EXERCISE OBJECTIVE:
Reproduce the lines below exactly. Skip images.

DATA:
----

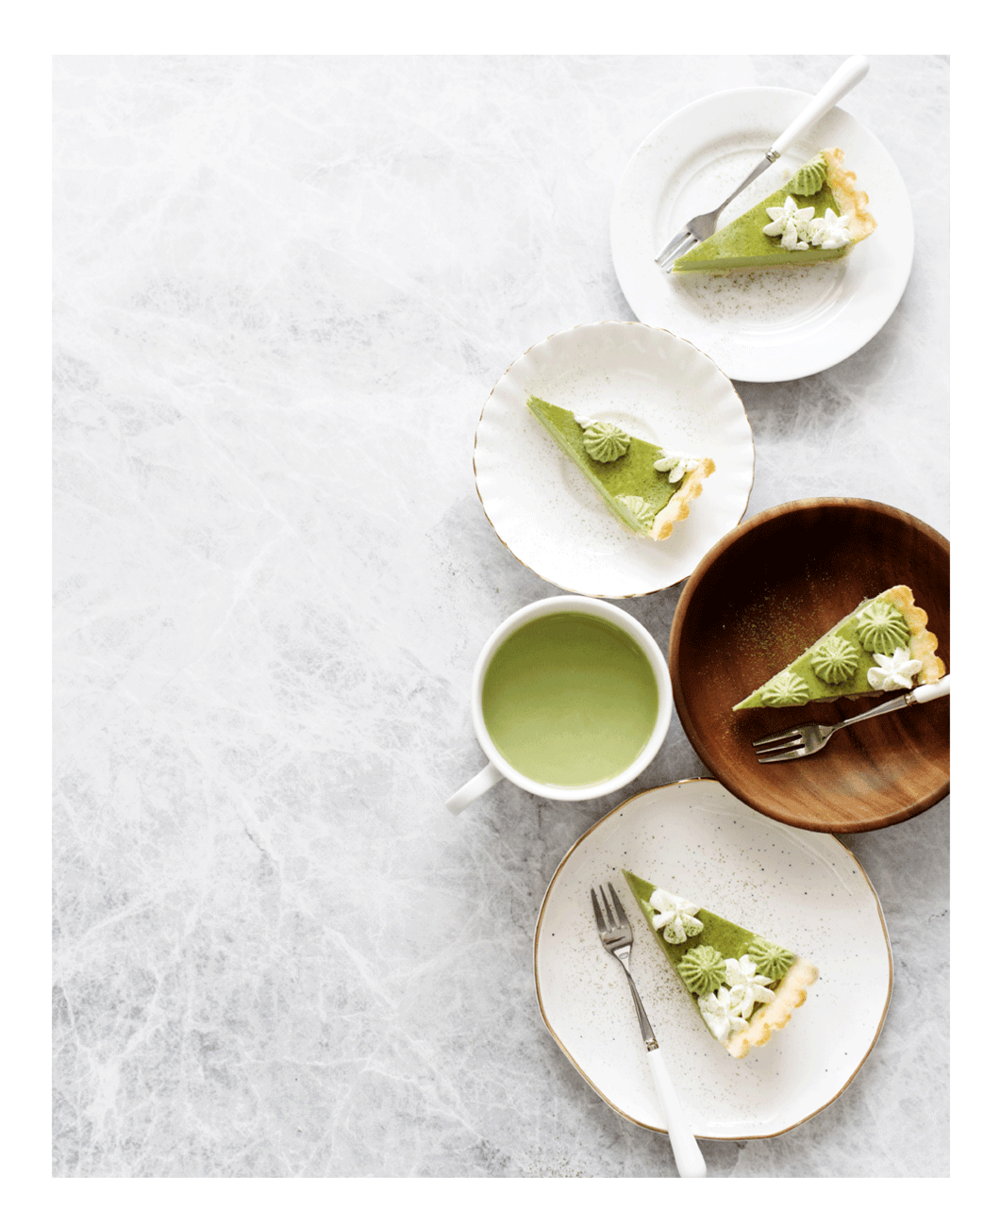 Matcha-cheese-tart-2 teak and thyme-.png
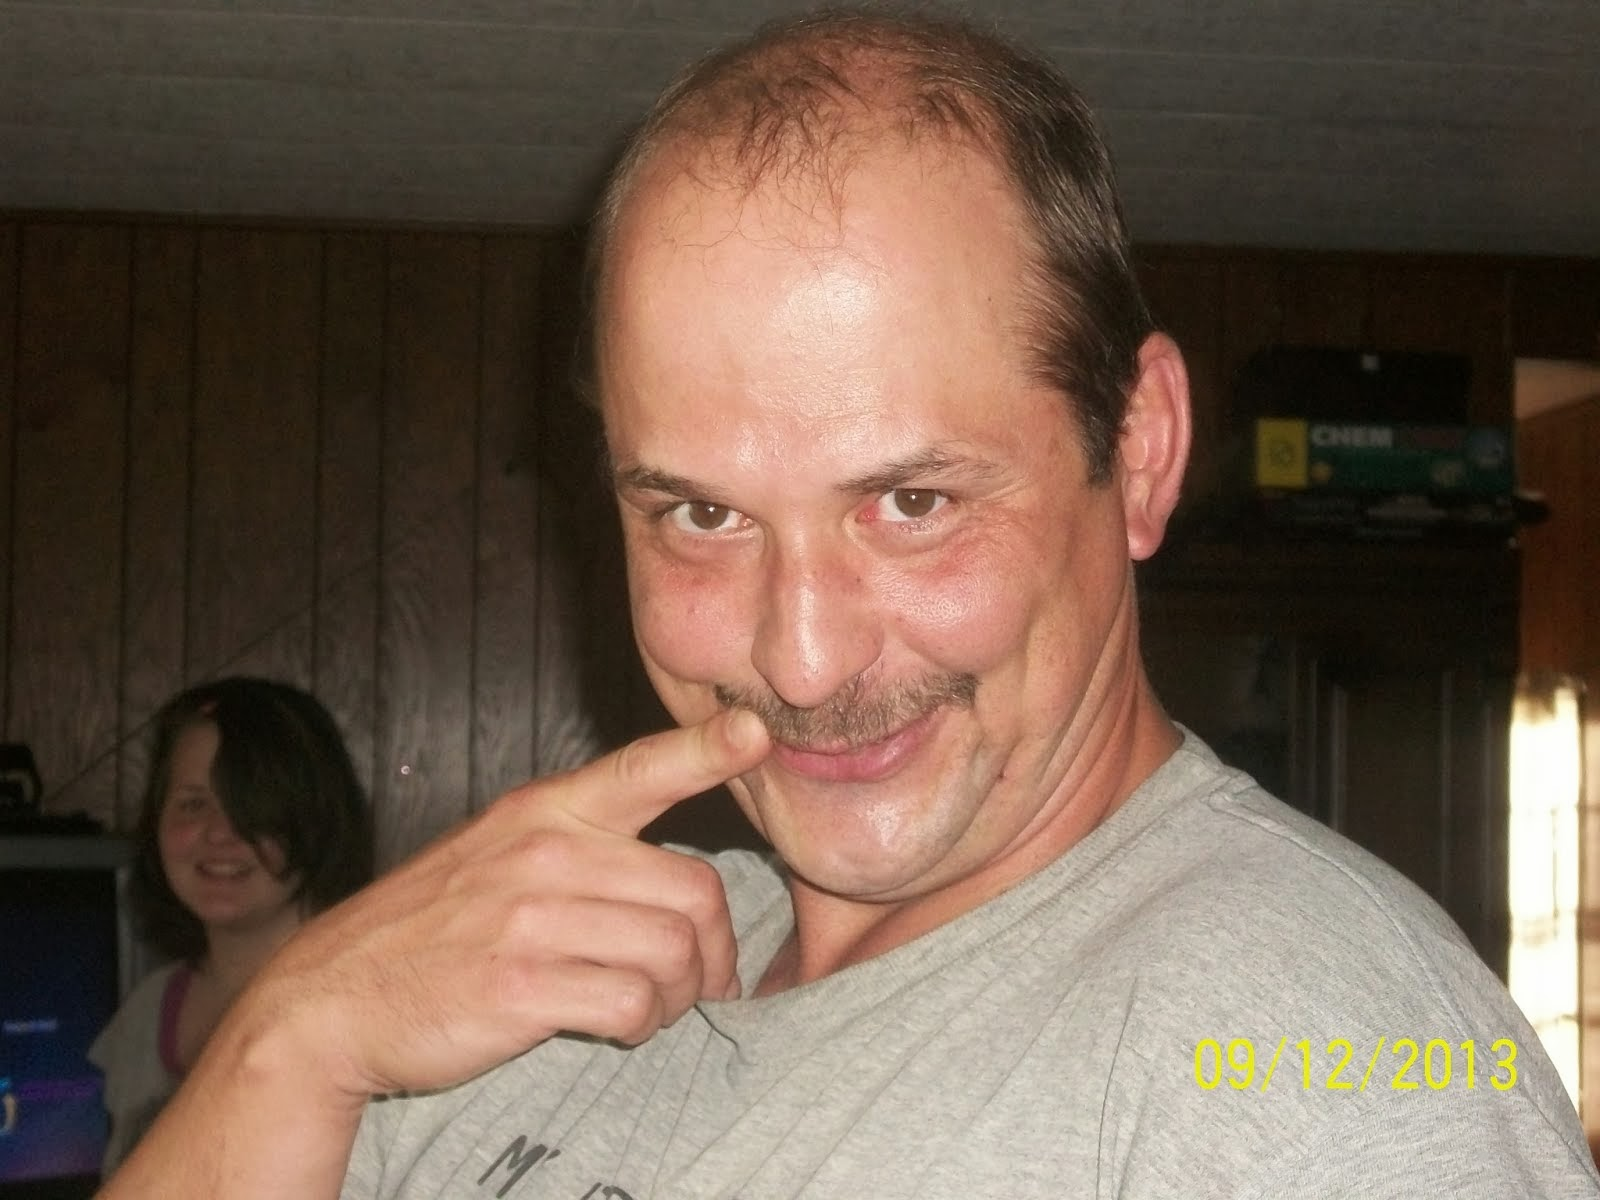 Wayne Age 43 AKA HUBBY
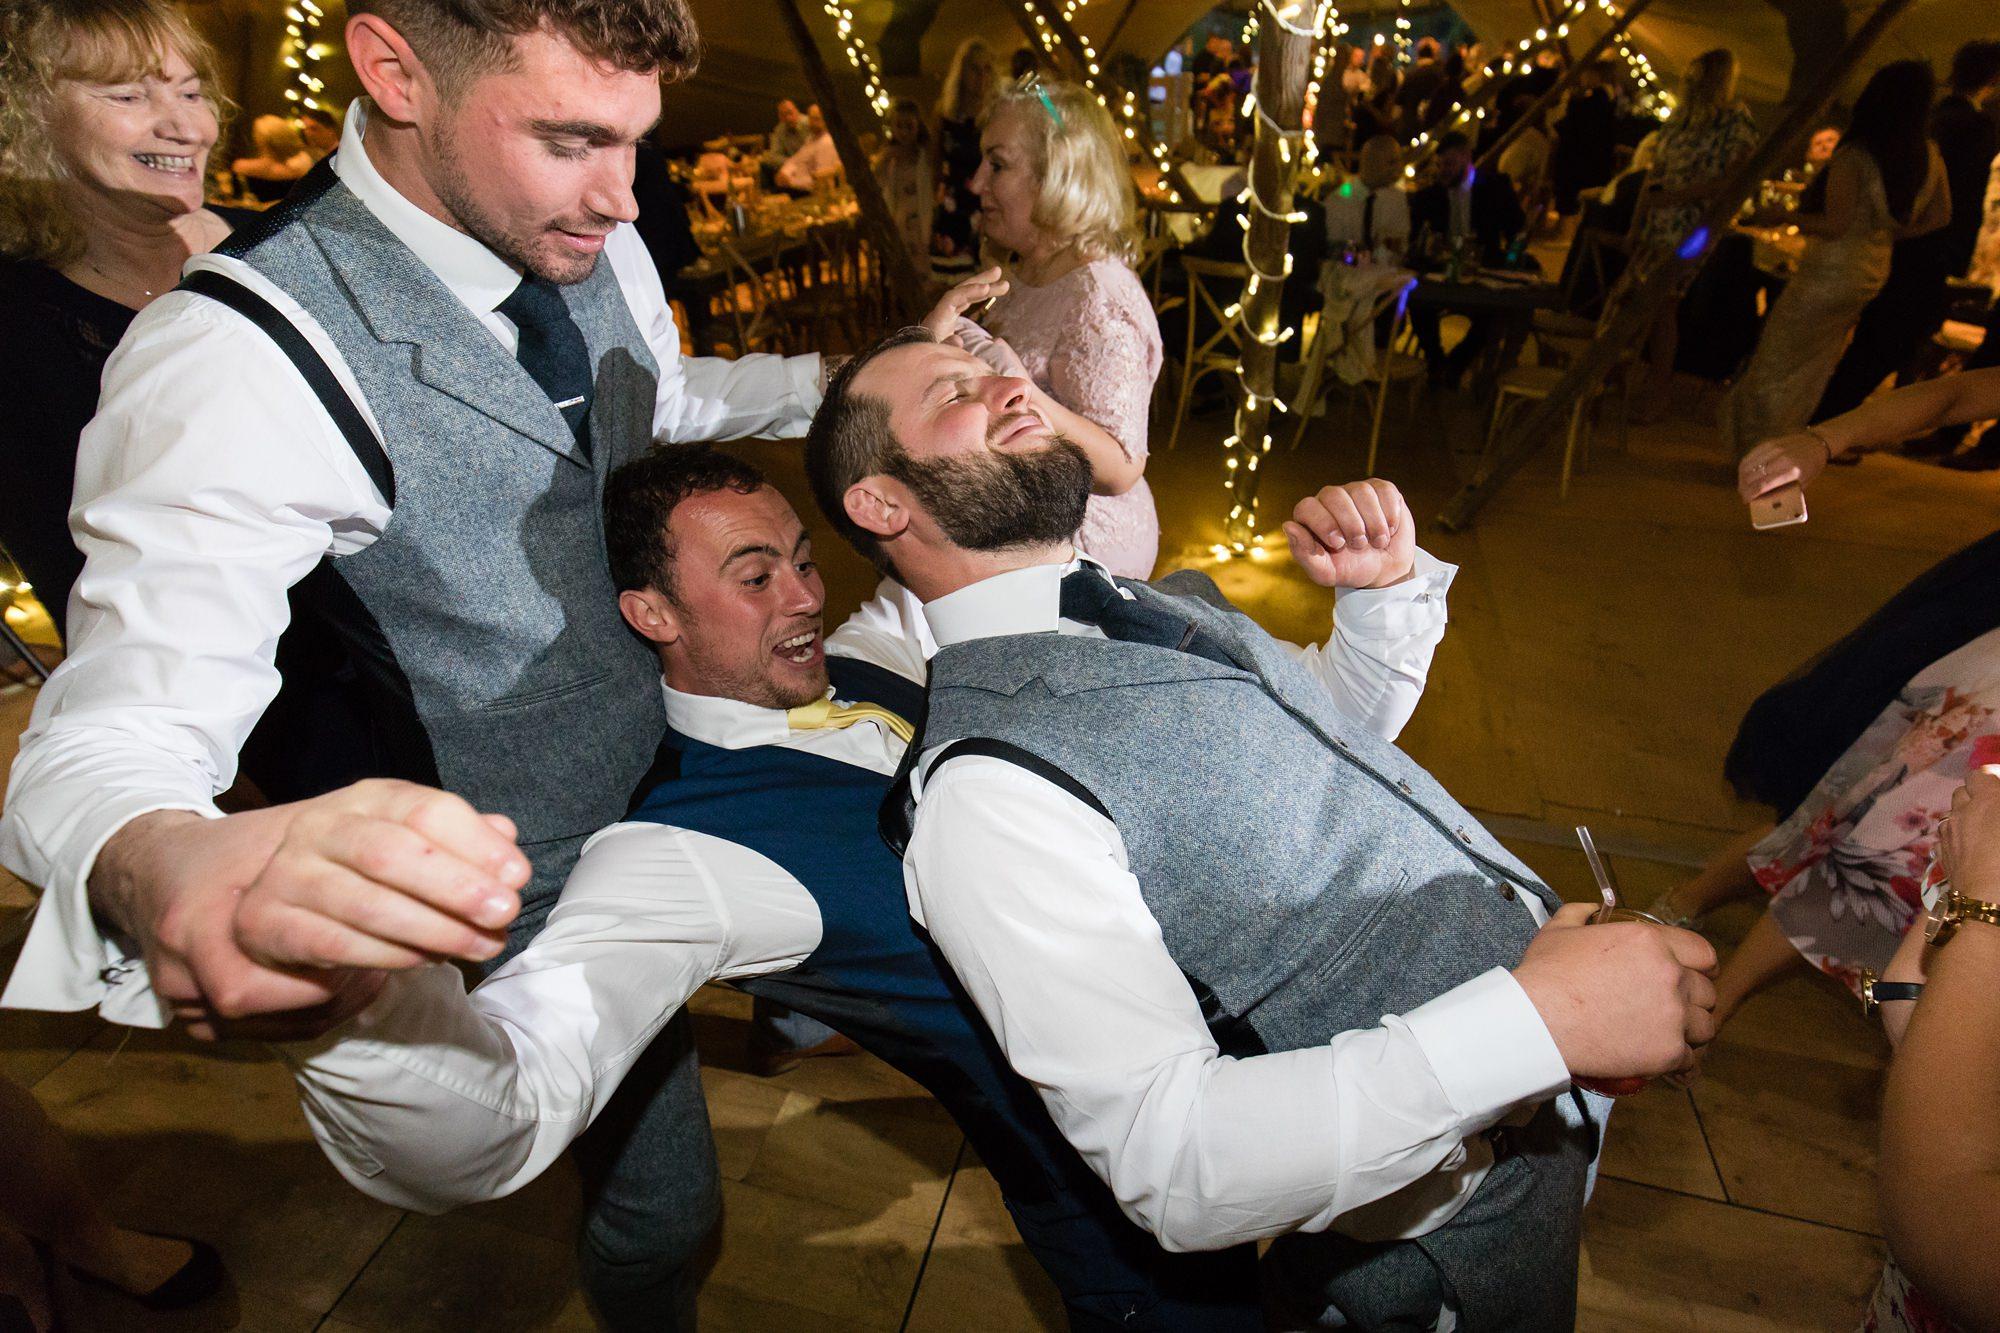 Villa farm wedding photography guests dancing

----

YOUR RESPONSE:
 Matcha-cheese-tart-2 teak and thyme-.png
 Wayne Age 43 AKA HUBBY
 Villa farm wedding photography guests dancing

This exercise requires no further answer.